The Commoner
John Burnham Schwartz gives us an imaginative tour de force inspired by the dramatic real-life stories of the reigning empress and crown princess of Japan.
The novel’s narrator is Haruko, Empress of Japan. In 1959, at the age of twenty-four, she marries the Crown Prince, becoming the first non-aristocratic woman to enter the longest-running, most hermetically sealed-off, and mysterious monarchy in the world. Met with cruelty and suspicion by the Empress and her minions, controlled at every turn, Haruko suffers a nervous breakdown and loses her voice. Yet she recovers and perseveres, holding tight to the self that the imperial bureaucrats would see crushed.

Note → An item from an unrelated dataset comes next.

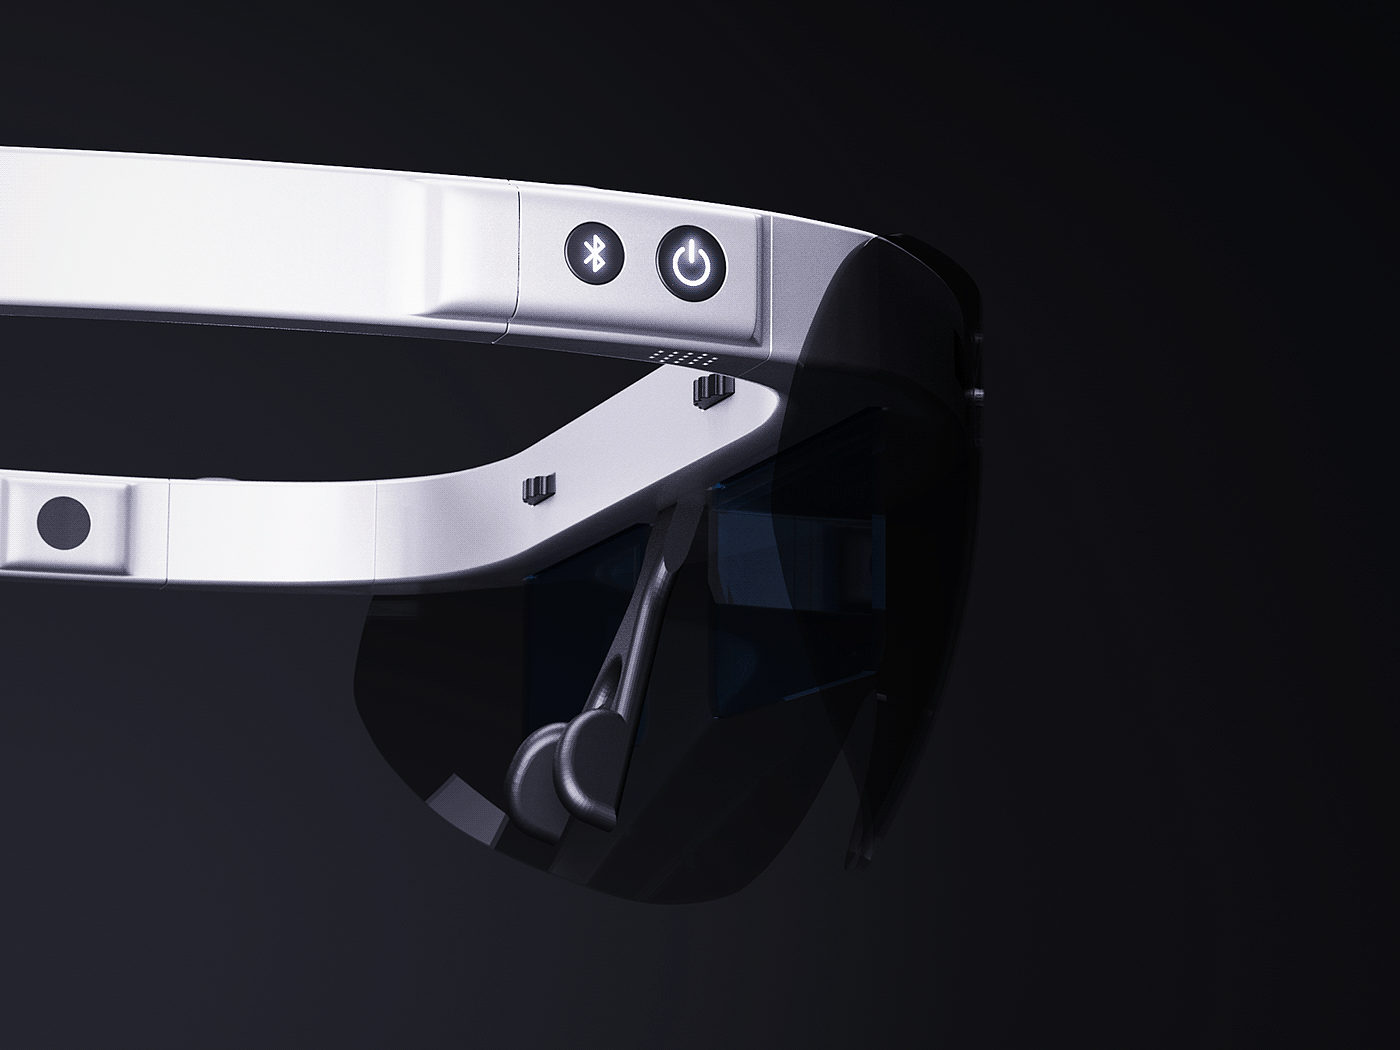 Polaris Extreme，ar眼镜，数码，电子产品，

When thirty years later—now Empress herself—she plays a crucial role in persuading another young woman—Keiko, a brilliant foreign servant who dreams of having a career—to accept the marriage proposal of Haruko’s son, the Crown Prince, the consequences are tragic and dramatic.
Meticulously researched and brilliantly imagined, The Commoner is the mesmerizing, moving, and surprising story of a brutally rarified and controlled existence at once hidden and exposed, and of a complex relationship between two isolated women who, despite being visible to all, are truly understood only by each other. With the unerring skill of a master storyteller, John Burnham Schwartz has written his finest novel yet.